Actual Author Of The Text example essay topic
The popular success of a work really depends on the author's ability to connect with as many readers as possible. The way the book talks about the relationship between the reader and the author, or as the book says, the reader's projection of the author, kind of ties in with the concept of layers in the reading that the previous section in the book was talking about. There is the actual author of the text, but the reader only ever gets to know his concept of the author through the reading - another level of separation from reader to author. I think that this is a really interesting aspect to consider in the reader's interpretation of the events and characters in the novel.
I was struck by the line on page 21 about the language controlling the author as much as the author controls the language. I have had my own personal experiences with writing short fiction stories in a class last term. At first, I had a fairly clear plan of what my story was going to say and how I was going to do that, but sometime during the writing process, my story kind of ran away with me off on its own direction. I wasn't getting very far trying to take control of the story again, so I ultimately let the story take over... as weird as that sounds. Once I was done, I read through the completed story and, to my surprise, it came across as something that I would like to have read much more than what I had actually been planning on writing. I don't know if this is what the Bennett and Royle had in mind when writing that particular part, but it seemed to speak loud and clearly to me.

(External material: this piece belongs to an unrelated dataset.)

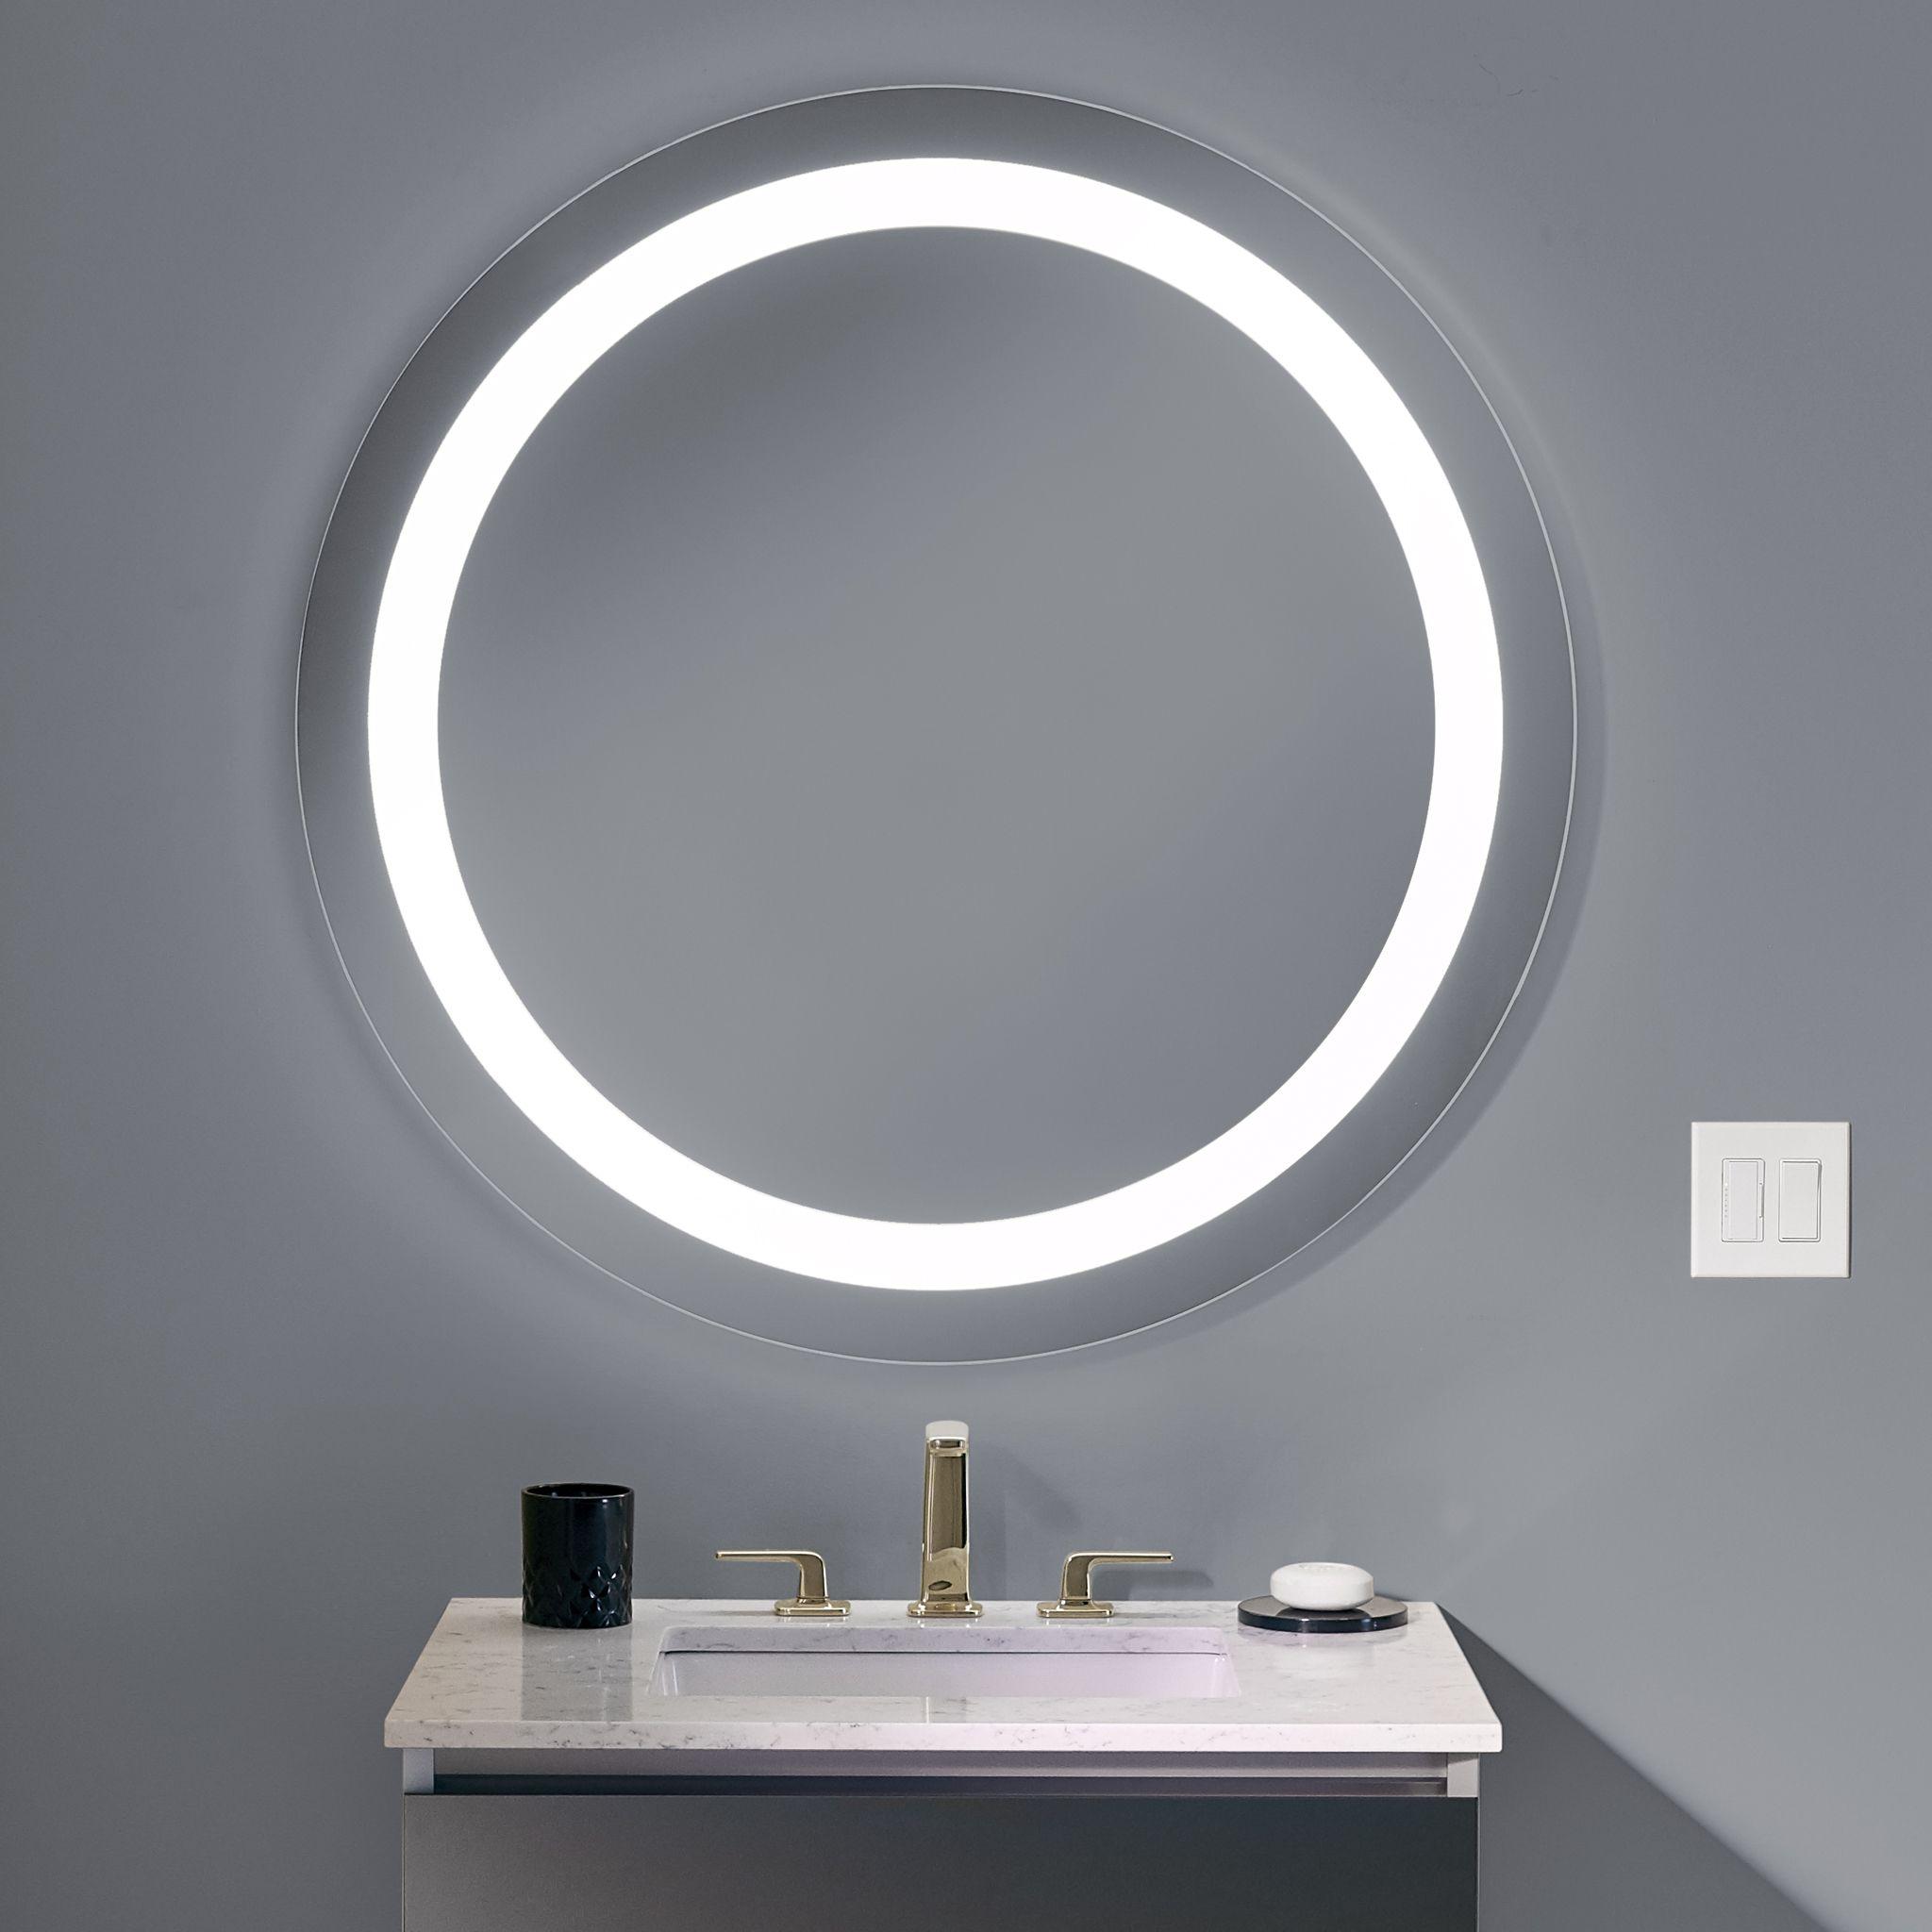 Lighted Bathroom Mirrors From Robern Kohler Co Decorative

I really like how the book refers the author in Barthes' terms as a ghost. A presence sort of there, but not really. It gives the reader space to play around with the writing, to come up with his own interpretations and meanings for the text, whereas if the author were a fully present figure it would limit the interpretations of the text to just one: his. I like how this text reaches back to the previous section about the reader and then presents information about the same kind of concept, but from a different perspective. On page 23 the authors write that "many others are interested in thinking about literature in ways that do not depend on regarding the author as the origin of the meaning of the text or as the authoritative 'presence' in that text".
This kind of draws back to what I had to say about Don Quixote in my last reading response and how Cervantes actually does this in his text by saying that he is only relating the story from some abandoned writings. In that, he separates himself from the writing in a very extreme way. By doing this he also gives himself a lot of room for commentary on the characters and their escapades, which he does quite often.